The table columns are as follows:

ID - The identifier of this particular genetic variant in an external database. Frequently, this will be an rs identifier, a reference SNP from NCBI dbSNP.
Chr:bp - Chromosome name and base pair co-ordinates
Class - For example, Single Nucleotide Polymorphism (SNP) and Insertion-Deletion (InDel)
Conseq. type - Consequence type based on SO (Sequence Ontology) terms.
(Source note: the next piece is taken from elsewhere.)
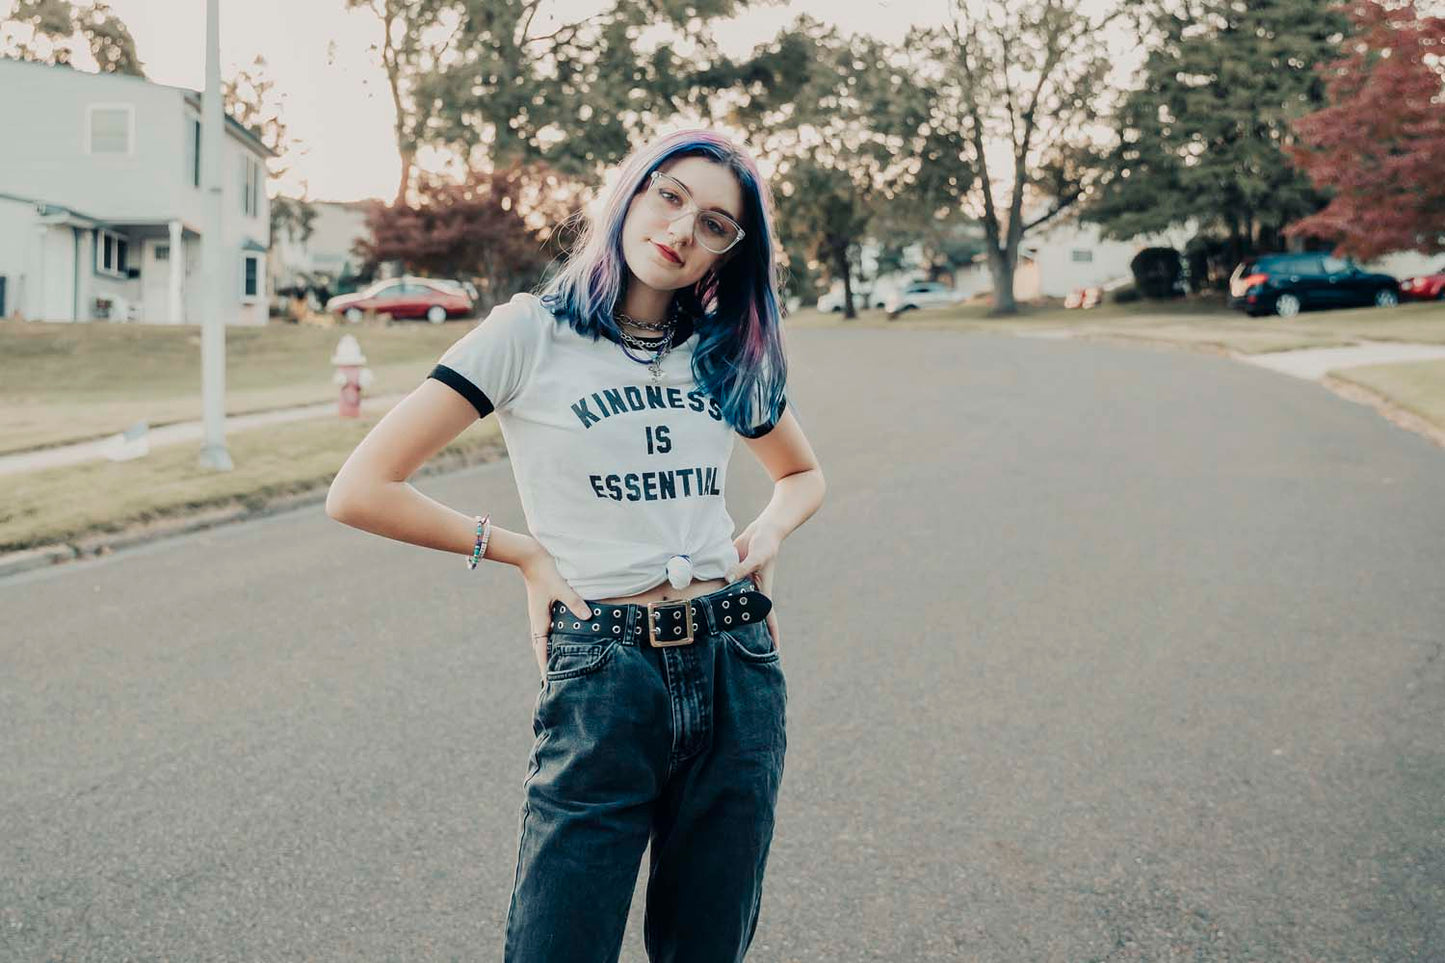 Kindness is Essential - Retro Fitted Ringer

Alleles - Possible nucleotides at the position listed in the Chr:bp column. These are reported for the forward strand of the genome sequence
Reference - The reference allele, from the C57BL/6NJ mouse reference genome
Strain - Displays the observed allele at a genomic location for one of the 18 different mouse strains represented in Ensembl. A vertical bar represents the presence of the reference allele at that location for the corresponding strain. A dot signifies a lack of resequencing coverage at that position.

You can order the table by the columns by clicking on the up/down arrows by the column titles. Filters above the table allow you to filter the data by variant class or variant consequence.